La diffusion et le partage des connaissances dans le cadre de ce projet nécessitent qu’un dialogue et de la médiation soient mise en œuvre entre les différents acteurs afin qu’un sens et un bénéfice puisse être associés aux travaux requis.

Il s’agit d’un projet que nous projetons sur une dizaine d’années et qui nécessite de nombreuses ressources humaines. Le pilotage du projet sera essentiellement réalisé par trois entités : un comité de pilotage, un comité scientifique et un comité technique.

Résultats obtenus

Nous avons pu atteindre et dépasser la plupart de nos objectifs grâce à l’investissement plus rapide que prévu d’un ensemble d’enseignants-chercheurs, ingénieurs pédagogiques, ingénieurs du Numérique et techniciens motivés par ce projet et à la task force dédiée à initier et suivre ce dernier. Cet investissement humain dans les développements des innovations pédagogiques reste encore à renforcer au regard du temps consacré à la recherche qui reste encore à ce jour le principal levier de reconnaissance pour les enseignants-chercheurs par rapport à la charge d’enseignement.

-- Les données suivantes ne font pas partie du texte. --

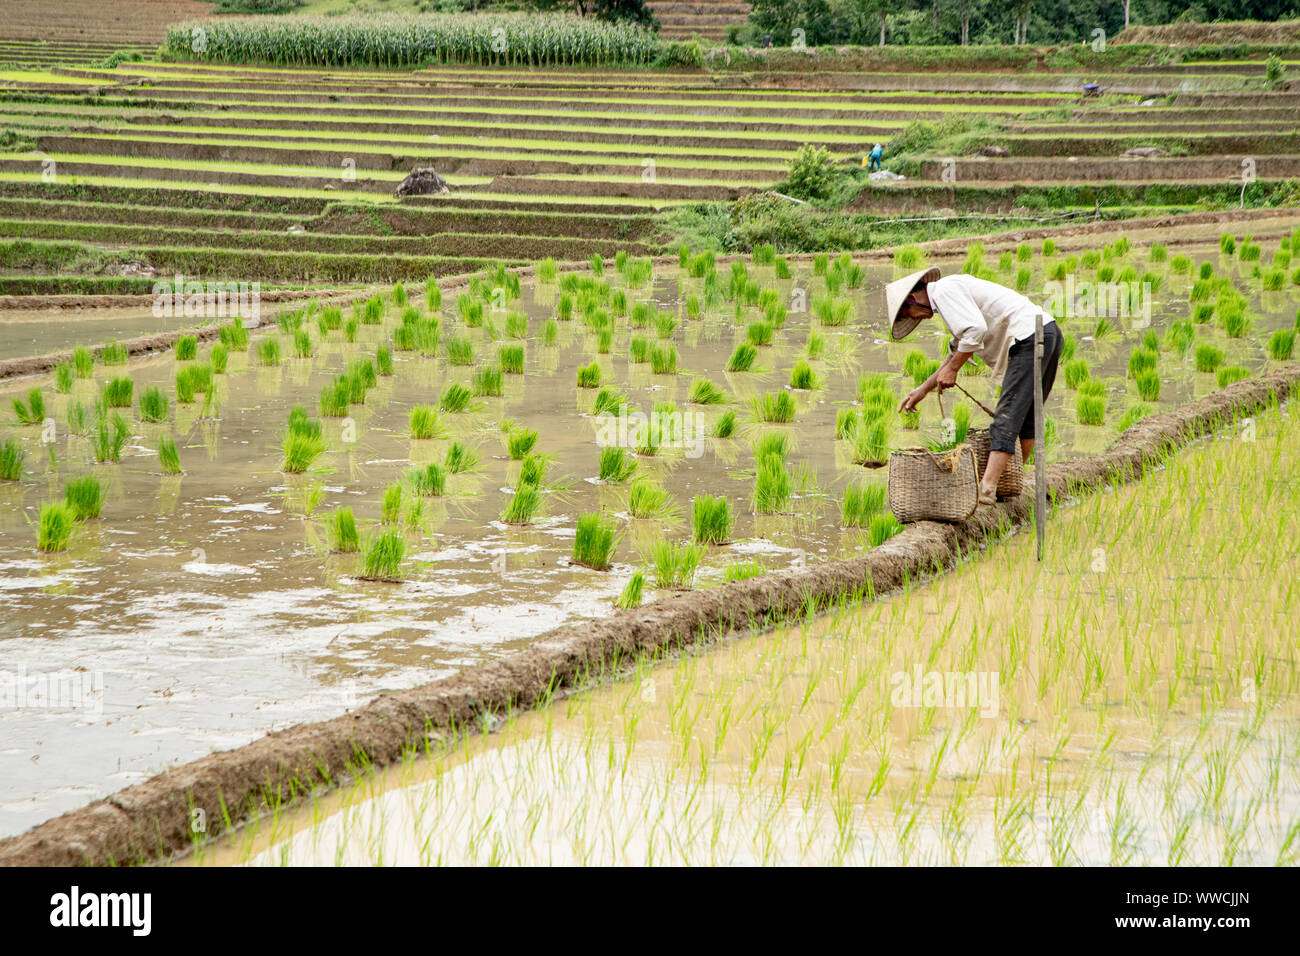 Vietnamese man transplanting rice Stock Photo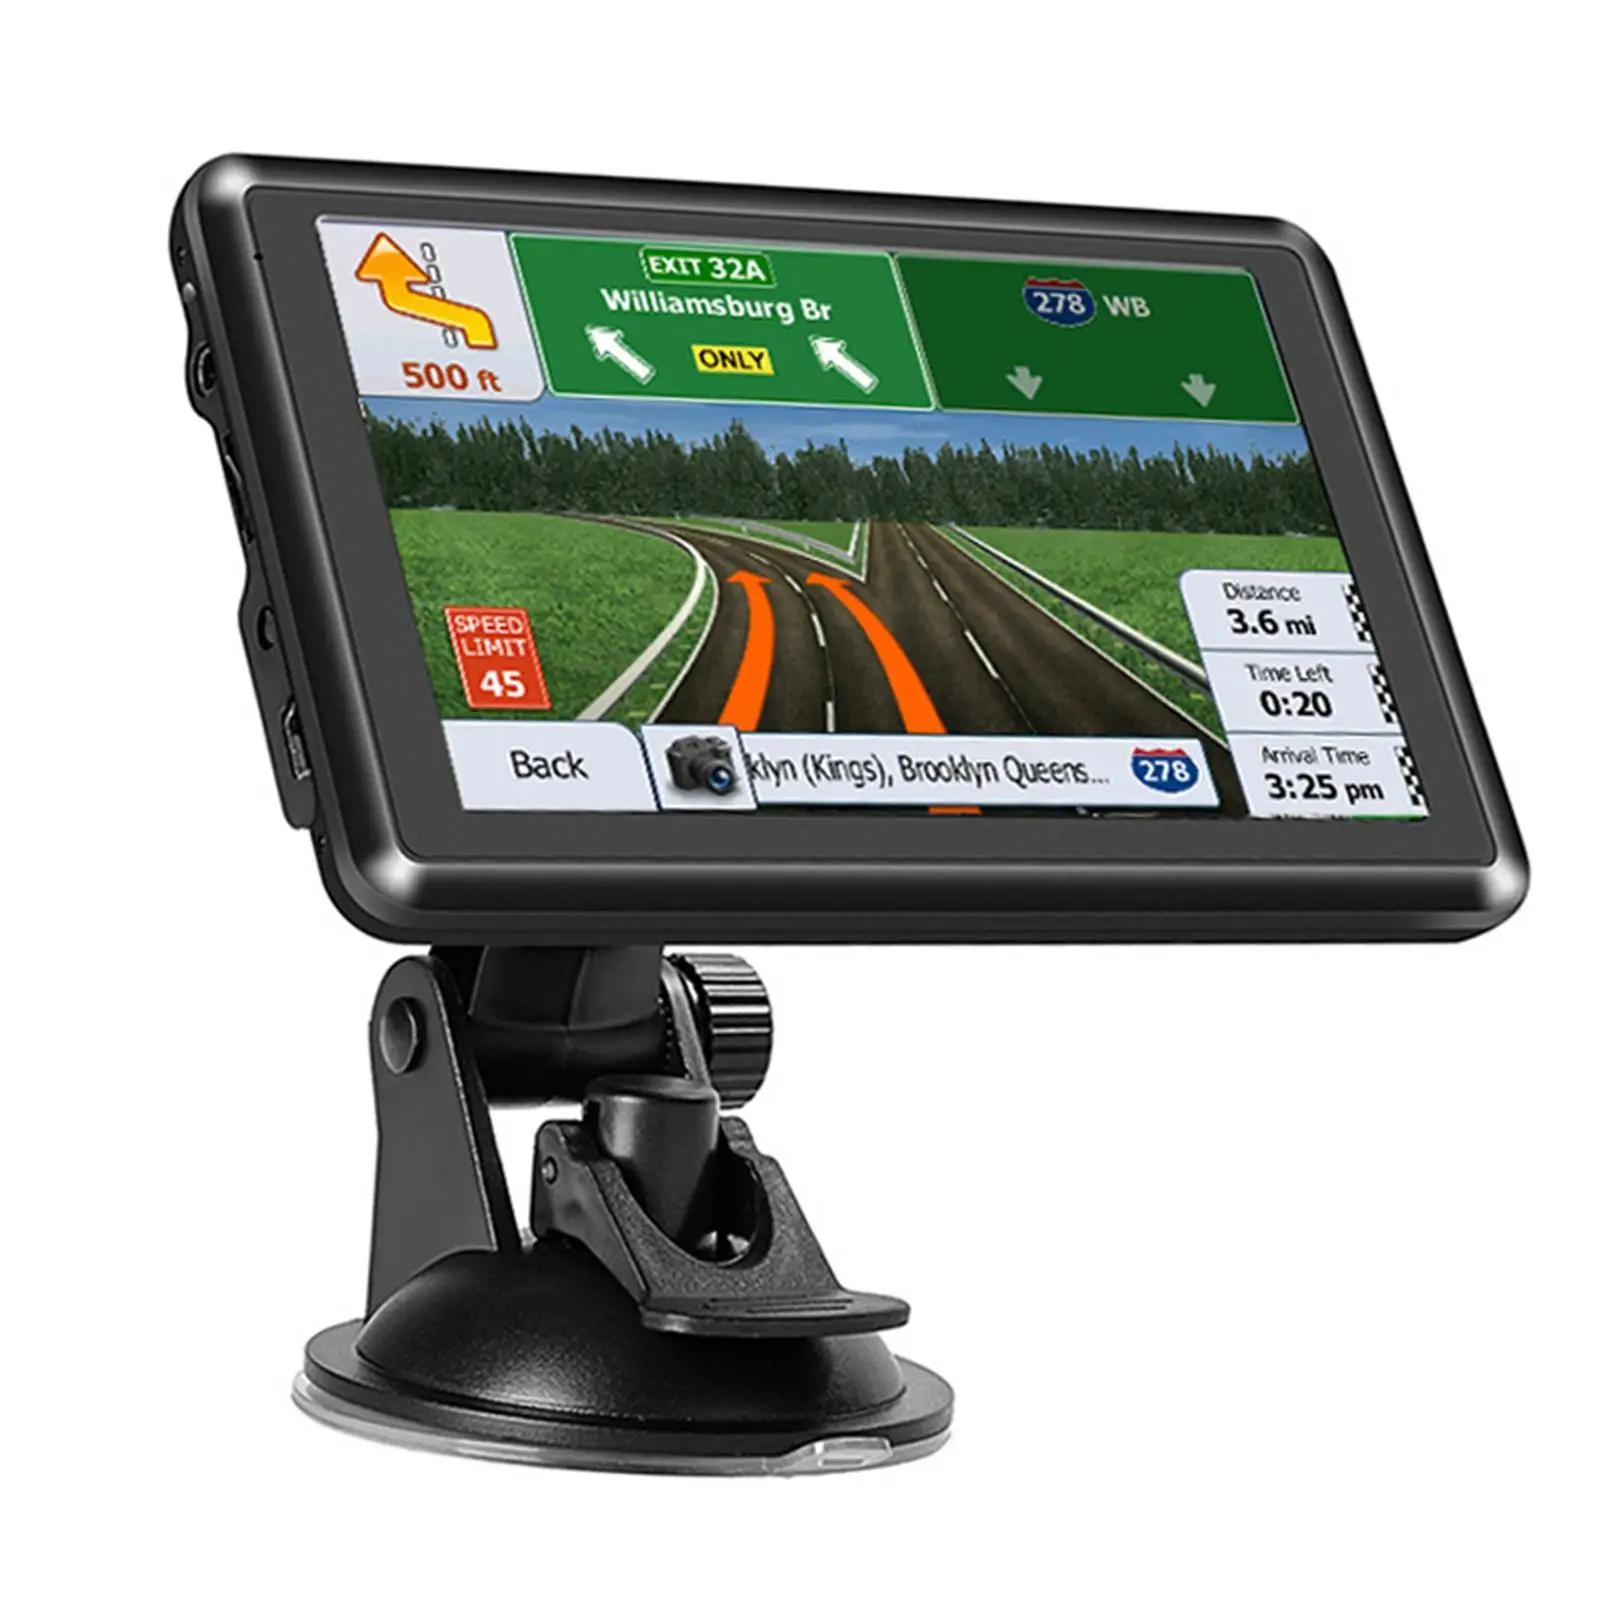 5 inch Touch Screen Car Truck GPS Navigation GPS Navigator, 8G &128 MB Multifunctional Vehicle Spoken Direction Driving Alert

5 années à l’échelle des évolutions du Numérique, est un temps très long qui nous a amenés dans une logique Agile à réviser nos hypothèses de départ aussi bien au niveau technique qu’au niveau des comportements d’apprentissage et d’enseignement.

L’obligation de passer à des formations en distanciel par suite des conséquences de l’épidémie COVID-19 et à l’investissement de prestataires externes spécialisés dans les domaines de l’e-learning et du blended-learning ont aussi contribué grandement à l’atteinte des objectifs.